> _Task brief_
Exactly and only the lines below from the one containing "8310 - Peru" down to the one containing "Médaille De Table" are wanted, both included; please exclude every picture.

> _Material for the task_
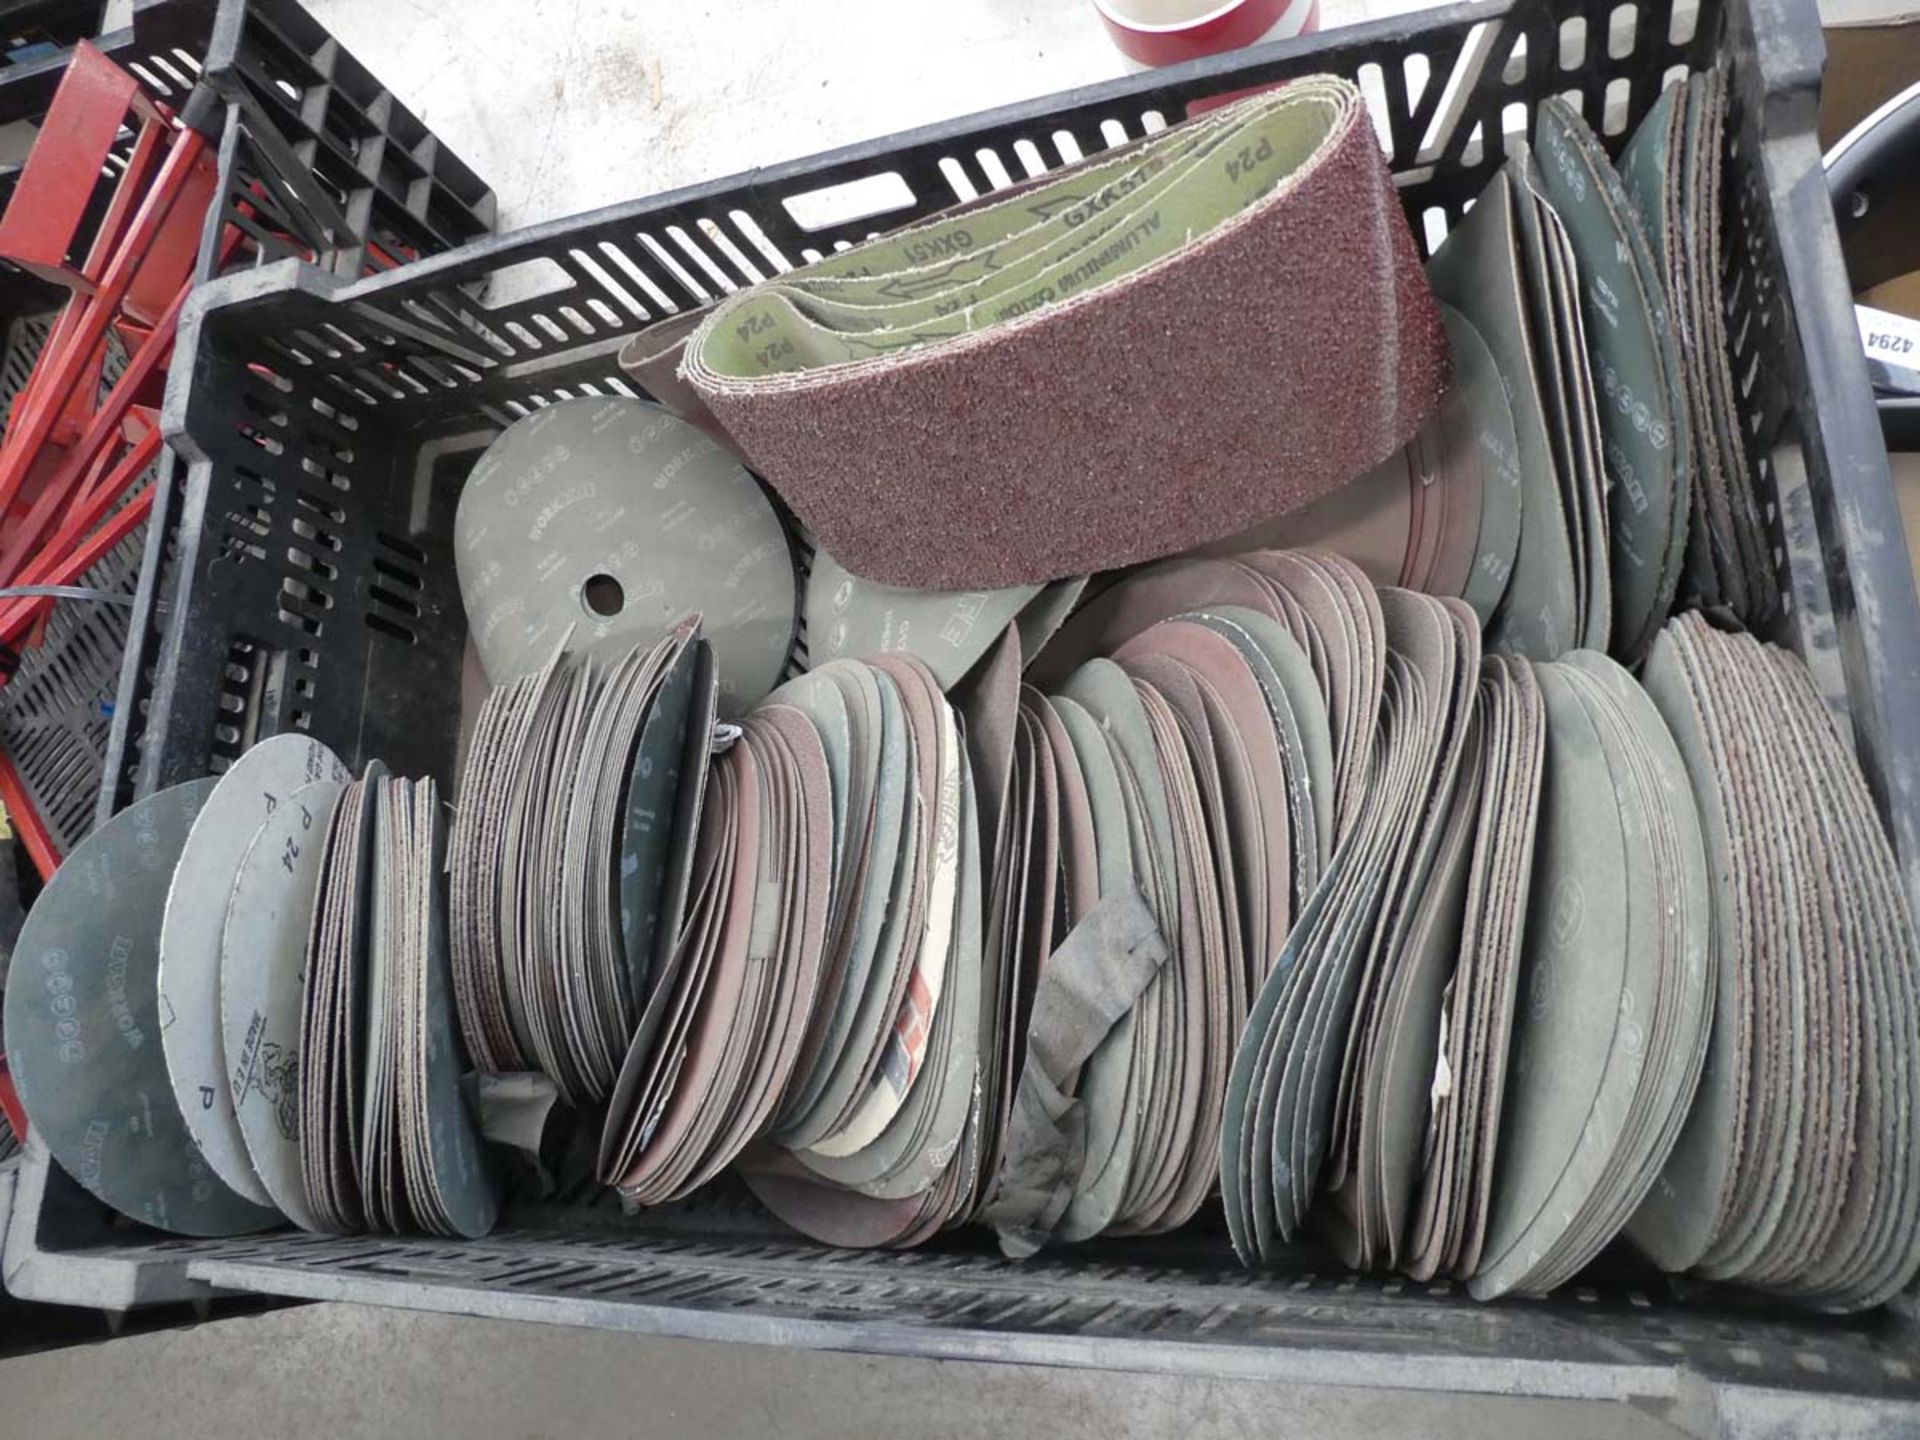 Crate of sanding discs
* * *
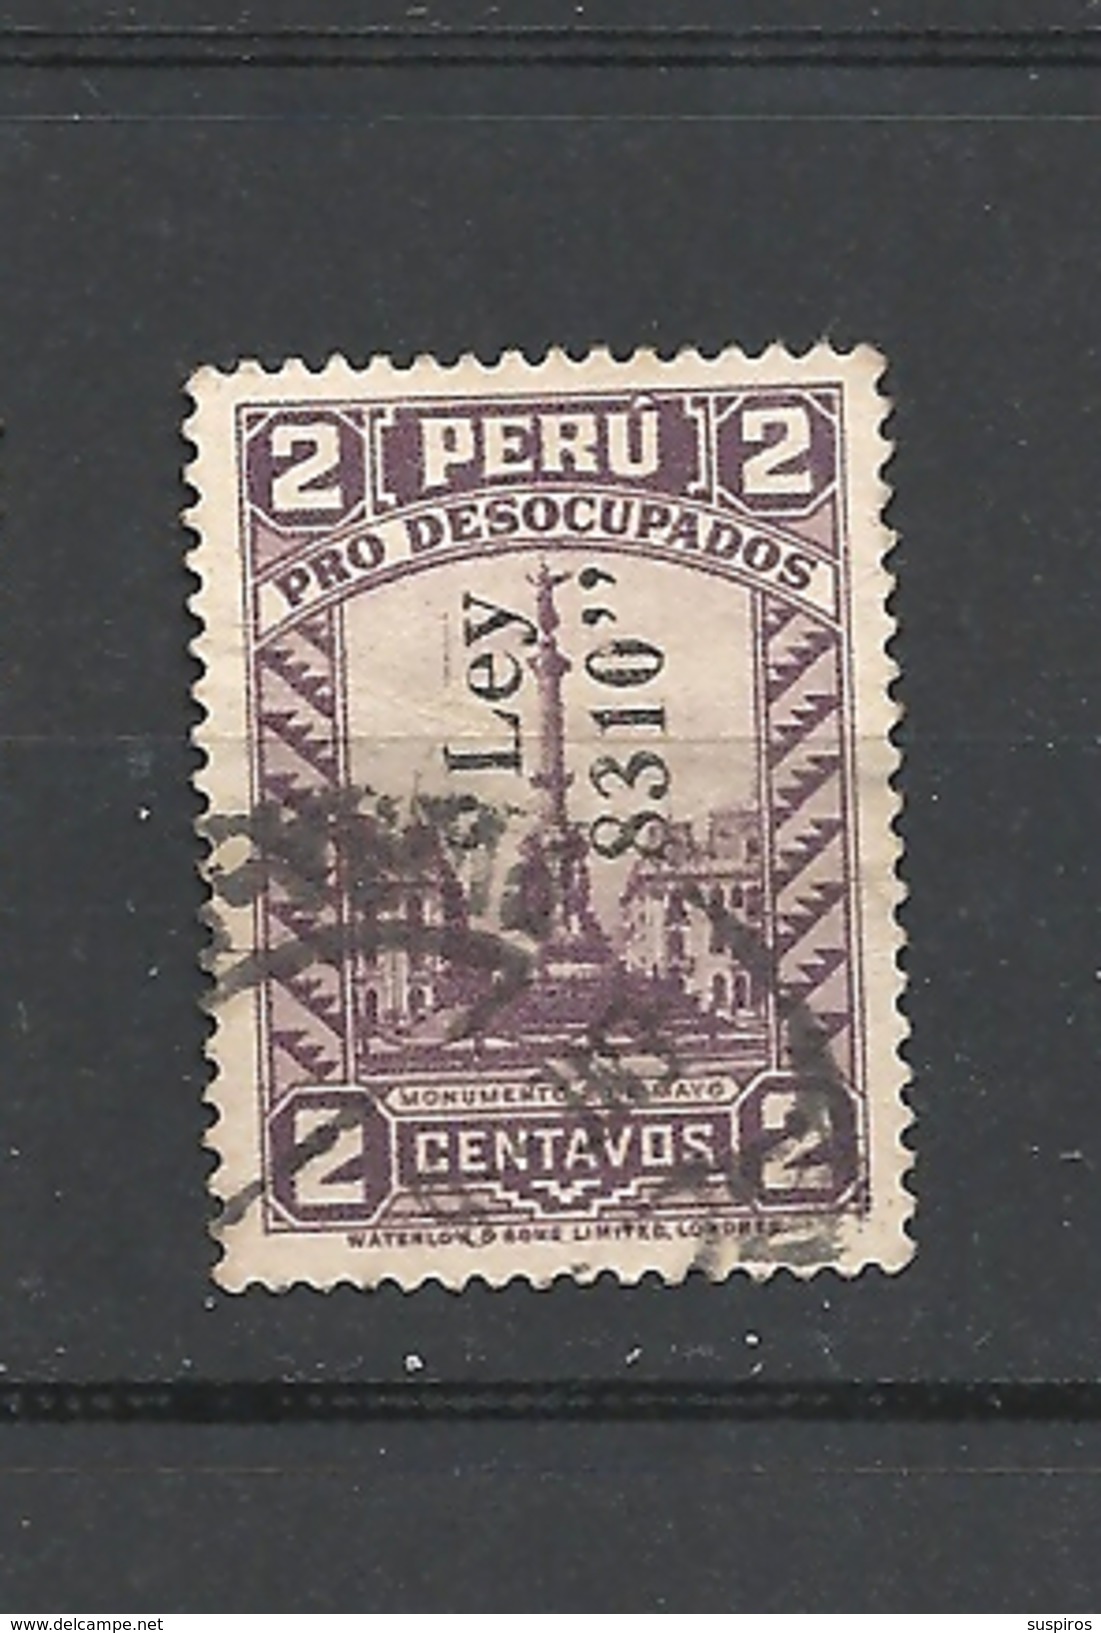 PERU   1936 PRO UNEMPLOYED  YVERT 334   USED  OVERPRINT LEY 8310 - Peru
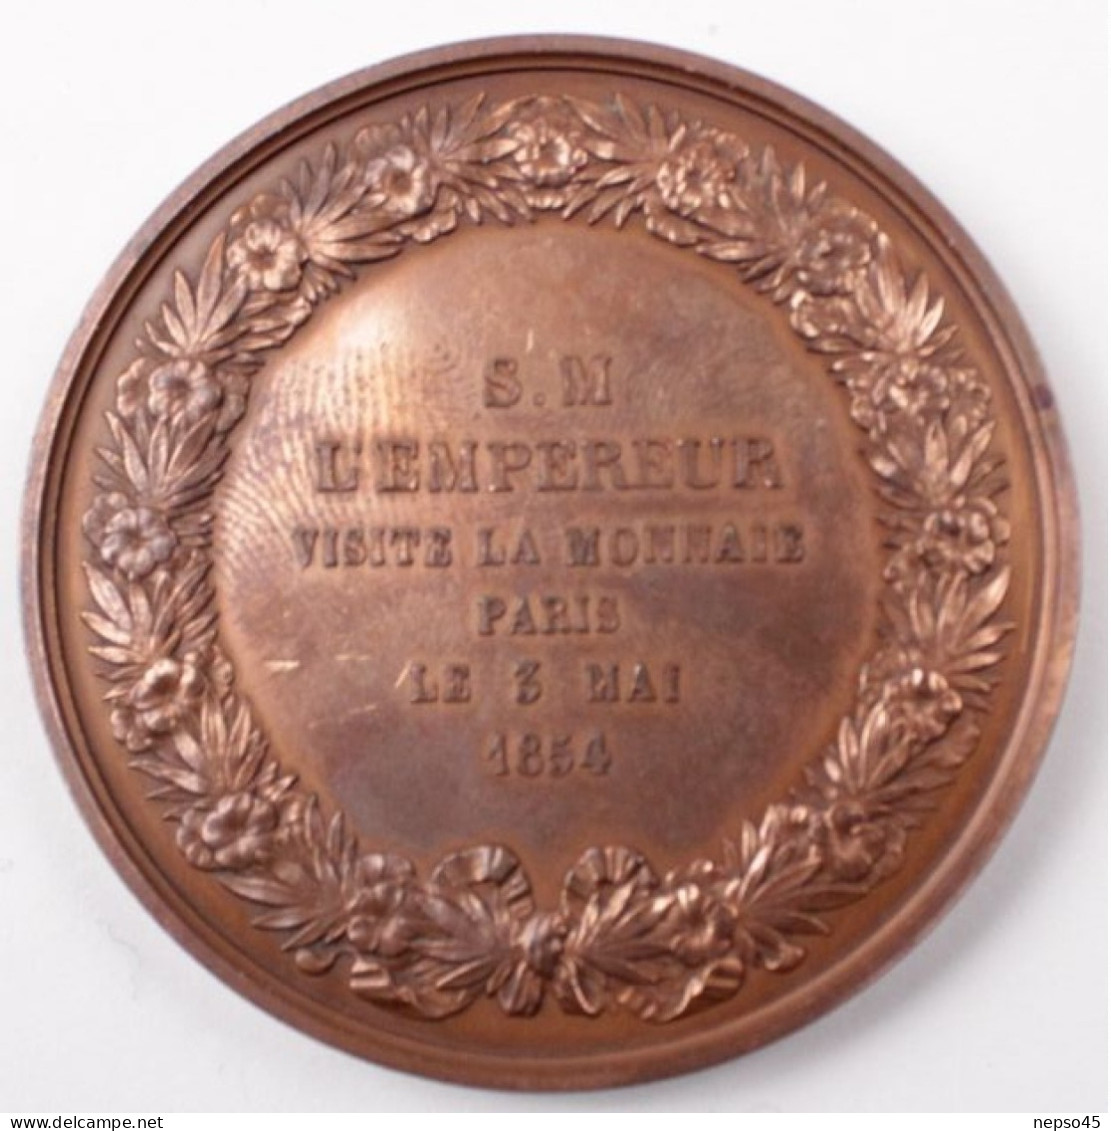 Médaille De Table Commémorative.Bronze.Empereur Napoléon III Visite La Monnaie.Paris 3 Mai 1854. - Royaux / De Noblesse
==
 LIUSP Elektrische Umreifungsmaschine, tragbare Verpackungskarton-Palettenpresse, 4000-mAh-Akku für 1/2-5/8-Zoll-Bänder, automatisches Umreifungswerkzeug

> _Exercise result_
 PERU   1936 PRO UNEMPLOYED  YVERT 334   USED  OVERPRINT LEY 8310 - Peru
 Médaille De Table Commémorative.Bronze.Empereur Napoléon III Visite La Monnaie.Paris 3 Mai 1854. - Royaux / De Noblesse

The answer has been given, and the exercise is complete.